In dimension $3$, what is the right Lebesgue space $L^p_{loc}(\mathbb{R}^3)$ to which the function $\frac{1}{\vert x\vert}$ belongs?
There is a general rule that involves the dimension of $\mathbb{R}^n$, the function $\frac{1}{\vert x\vert^{\alpha}}$ and the right $L^p_{loc}(\mathbb{R}^n)$ to which $\frac{1}{\vert x\vert^{\alpha}}$ belongs?
On
The only problem is the origin. It is continuous, and therefore bounded everywhere else on any compact set not containing the origin. By a change of variable, we are interested in the $p$ for which the integral below exists, $$\int_{0}^{\rho} \int_{-\pi}^{\pi} \int_{0}^{2 \pi} \left( \frac{1}{r} \right)^{p} r^{2} \sin(\phi) d \theta d \phi dr$$ We find that whenever $p < 3$, this is, $$4 \pi \frac{\rho^{3-p}}{3-p}$$ And moreover, the integral doesn't exist when $3 \geq p$. And so $\frac{1}{|x|} \in {L_{loc}^{p}}(\mathbb{R}^{3})$ whenever $p<3$.
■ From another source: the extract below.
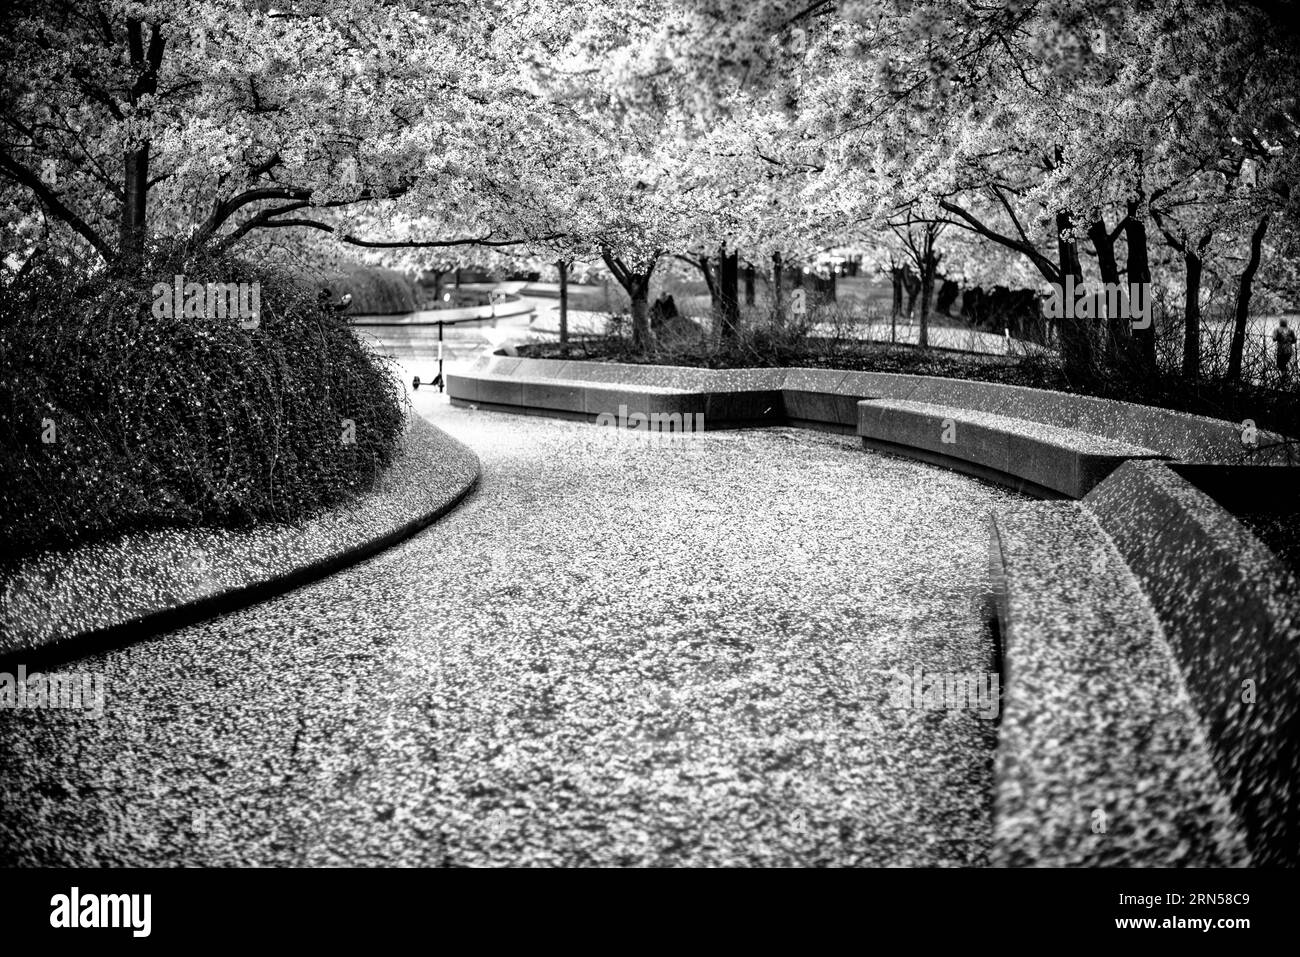 WASHINGTON DC, Vereinigte Staaten – Ein Schwarzweißfoto der berühmten Kirschblüten von Washington DC. Jedes Frühjahr blüht die Kirschblüte in voller Blüte um das Tidal Basin und markiert den Beginn des Frühlings in der Hauptstadt der Nation. Dieses jährliche Ereignis zieht Tausende an und symbolisiert die andauernde Freundschaft zwischen den USA und Japan, ein Geschenk Tokios aus dem Jahr 1912. Stockfoto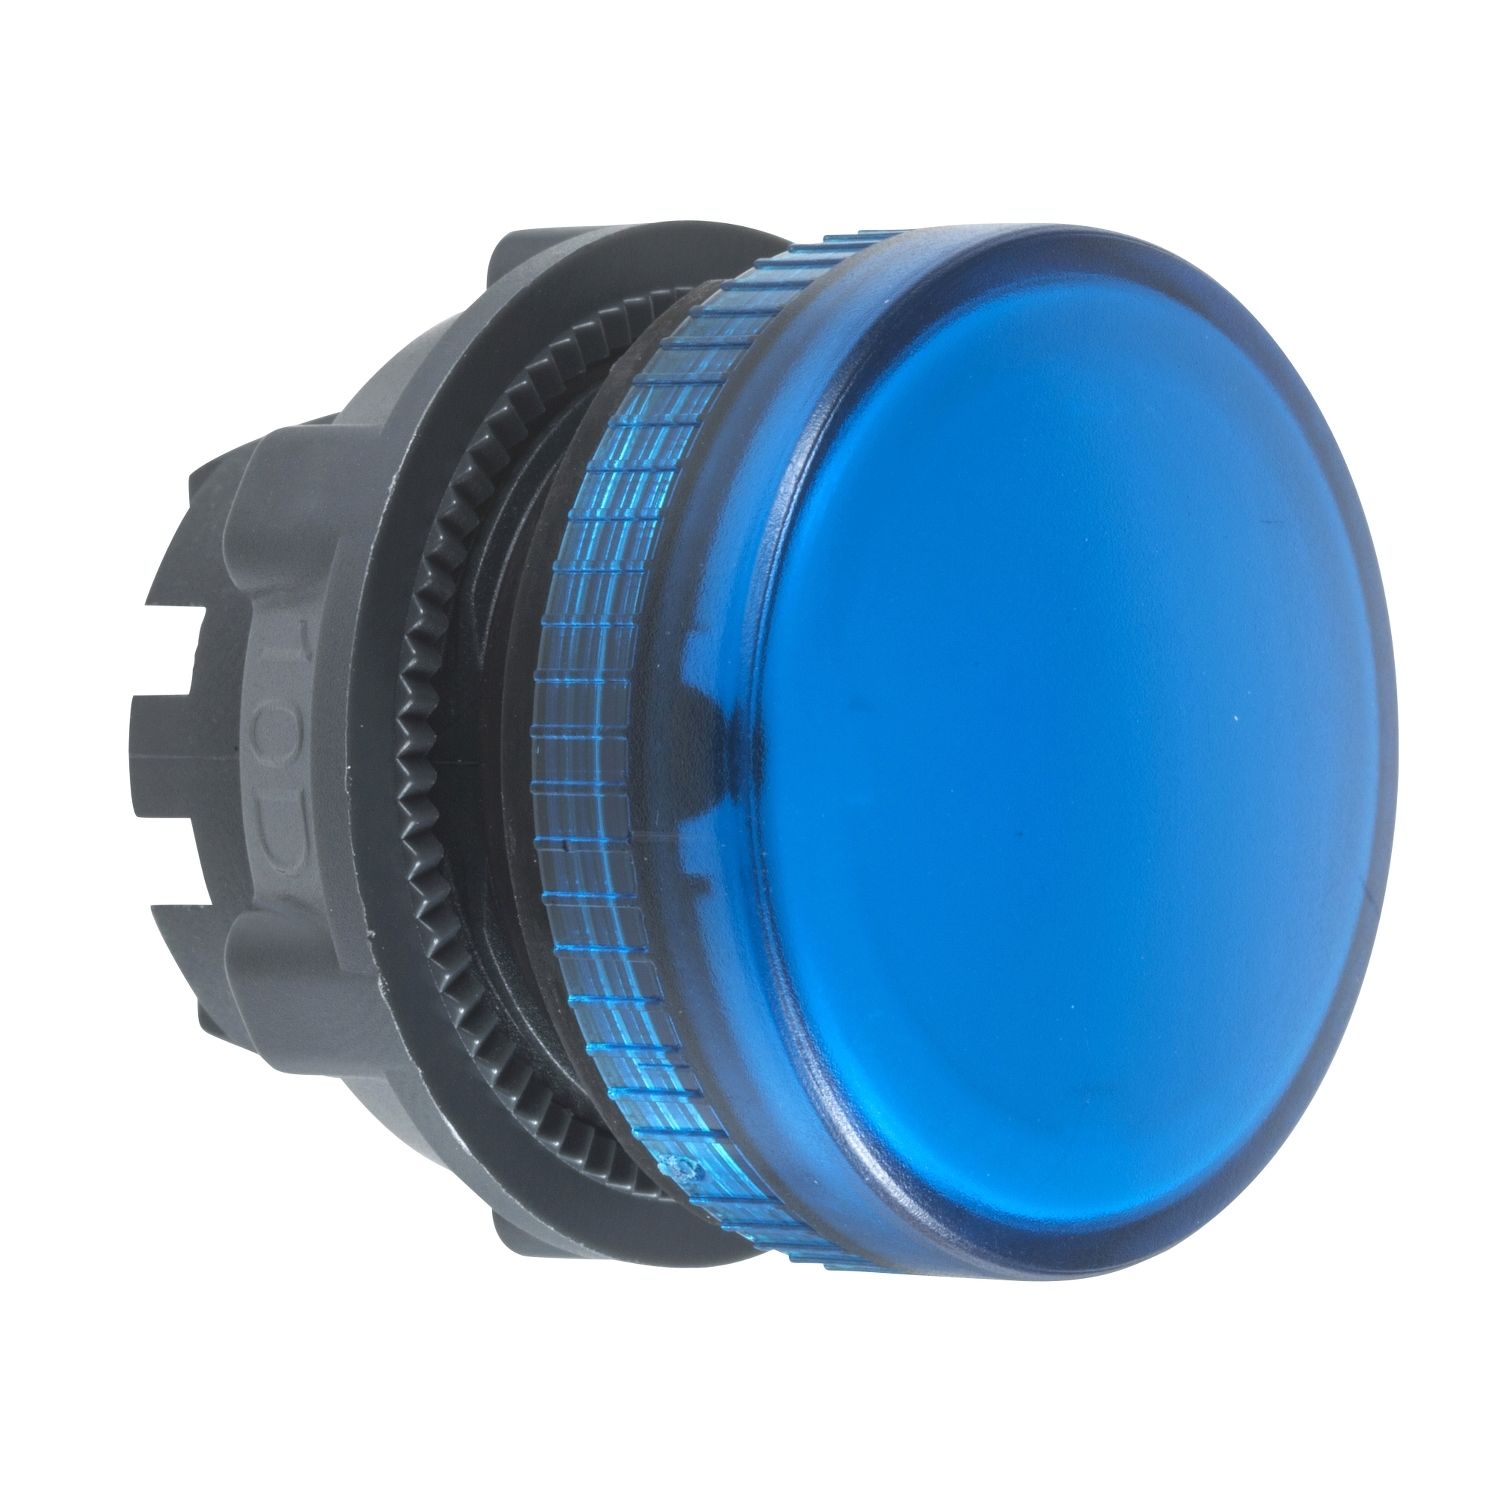 ZB5AV06 blue pilot light head Ø22 plain lens for BA9s bulb

Let $B(0,1)$ denote the unit ball in $R^n$ and $\omega_n = |B(0,1)|$. Then the integral
$$ \int_{B(0,1)} \frac{1}{|x|^\alpha}dx = \omega_n\int_0^1 \frac{1}{r^\alpha}r^{n-1}dr = \omega_n\int_0^1\frac{1}{r^{\alpha-n+1}}dr $$
converges if and only if $\alpha-n+1<1$, i.e. $\alpha < n$.
From this you can deduce what you are interested in, namely that $\frac{1}{|x|^\alpha} \in L_{\rm loc}^p(\mathbb{R}^n)$ if and only if $\alpha p < n$.